En tout cas, je suis devenu un inconditionnel   :Very Happy: 

----------

## tdyp

 :Sad:  il est vrai que c est desolant de vouloir s engager dans une nouvelle distrib et de s apercevoir que l on doive se "coltiner" une sacree doc. mais comme cela a deja ete dit, elle est primordial pour le debut afin de savoir ou l on mets les pieds. ceci est tout a fait normal puisque la gentoo utilise le meme principe qu un linux from scratch. donc l installer sans guide c est un echec a coup sur. dommage que tu n aies pas eu le courage de t y mettre. a part pour un poste je ne suis pas decu de mon choix.

au plaisir de te revoir qd meme  :Wink: 

----------

## loopx

t1, comment que vous êtes pas cool  :Surprised: 

vous avez fait fuir un nouveau !!!!!!!! c'est malin ...

fin bon, jdis ca, jdis rien ...

EDIT: pour vous faire un peu chier, j'ai jamais lu la doc (a par l'install rapide, sinon j'aurais jamais réussis), le reste, c'est de la recherche et du forum. 

Qu'on ne me dise pas de lire la doc à mon prochain post, j'aide volontier tout le monde et je cherche avant de demander  :Wink: 

----------

## boozo

 *vonstorm wrote:*   

> Bonsoir à tou(te)s,
> 
> Comme le titre le dit, j'aimerais installer Gentoo.
> 
> Pour ce faire, j'ai chargé et imprimé le manuel d'installation qui est ENORME...
> ...

 

Bonjour, bienvenue sur gentoo et sur le forum fr   :Smile: 

La documentation est énorme en effet mais elle a un double usage : elle te permettra d'installer une gentoo sans trop comprendre les subtilités au début et d'y trouver son compte par la suite cad de te prendre des leçons en bonne et due forme quand tu commencera à vouloir faire des effets de styles en croyant avoir tout compris... j'en parle de plusieurs honteuses expériences - et a venir à n'en pas douter (sic!)

Même si cela ne te sautera pas au yeux dessuite, tu t'appercevra qu'a l'usage celle-ci est extrèmement bien bien contruite car elle répond aux questions par degré de connaissance sur un problème donné.

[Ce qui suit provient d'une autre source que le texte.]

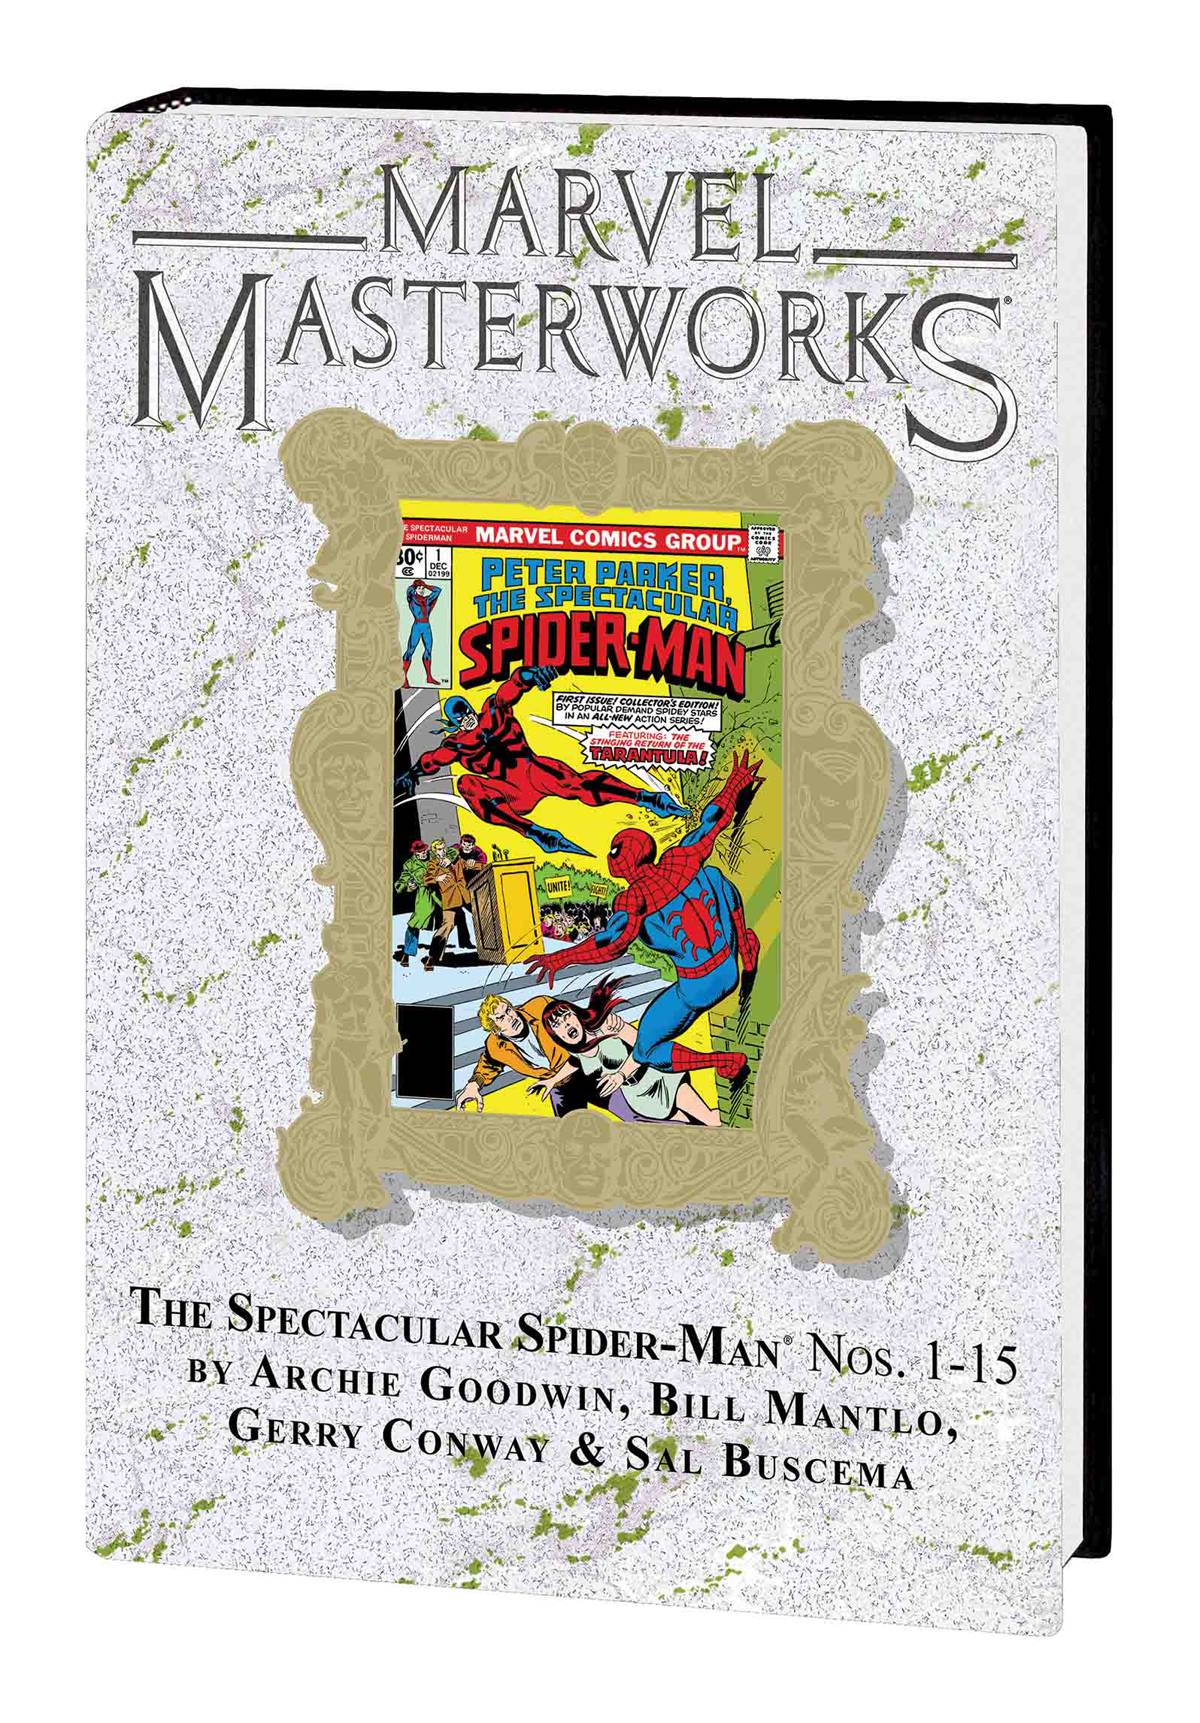 Marvel Masterworks Spectacular Spider-Man Hardcover Volume 1 Direct Market Edition Edition 250

Ainsi, novices ou vieux briscards s'y réfèrent de façon unanime ou comme juge de paix lorsque cela est nécessaire tel que le ferait l'assemblage hétéroclite d'un dictionnaire, contenant les briques de base, d'un traité de réthorique pour les règles de l'Art et d'une carte de navigateur du temps de la navigation à voiles pour éviter les écueils et bancs de sables en terres inconnues. L'Art et la manière.

Même si ta question ou ton besoin est légitime, les livecd qui peuvent sembler répondre à cette attente ne parviennent pas a résoudre cette équation subtile. Et pour cause, il y a méprise et confusion de sens : ces livecd sont en réalité plutôt déstinés aux utilisateurs expériementés de gentoo pour leur permettre de gagner du temps pour certains usages et non pas pour démocratiser la distribution - même si vu sous un autre angle, elle y contribue également j'en conviens.

A l'usage, nous nous sommes tous apperçu, les exemples sur le forum étant nombreux, cette apparente simplification faisait certes gagner plus de temps à un débutant pour une installation mais était souvent fort coûteuse et douloureuse quelques temps après.

En effet, certaines choses "vitales" à intégrer sont passées sous silence pour permettre ce gain de temps initial ce qui est normal puisque c'est superflu s'il n'est destiné qu'aux chevronnés.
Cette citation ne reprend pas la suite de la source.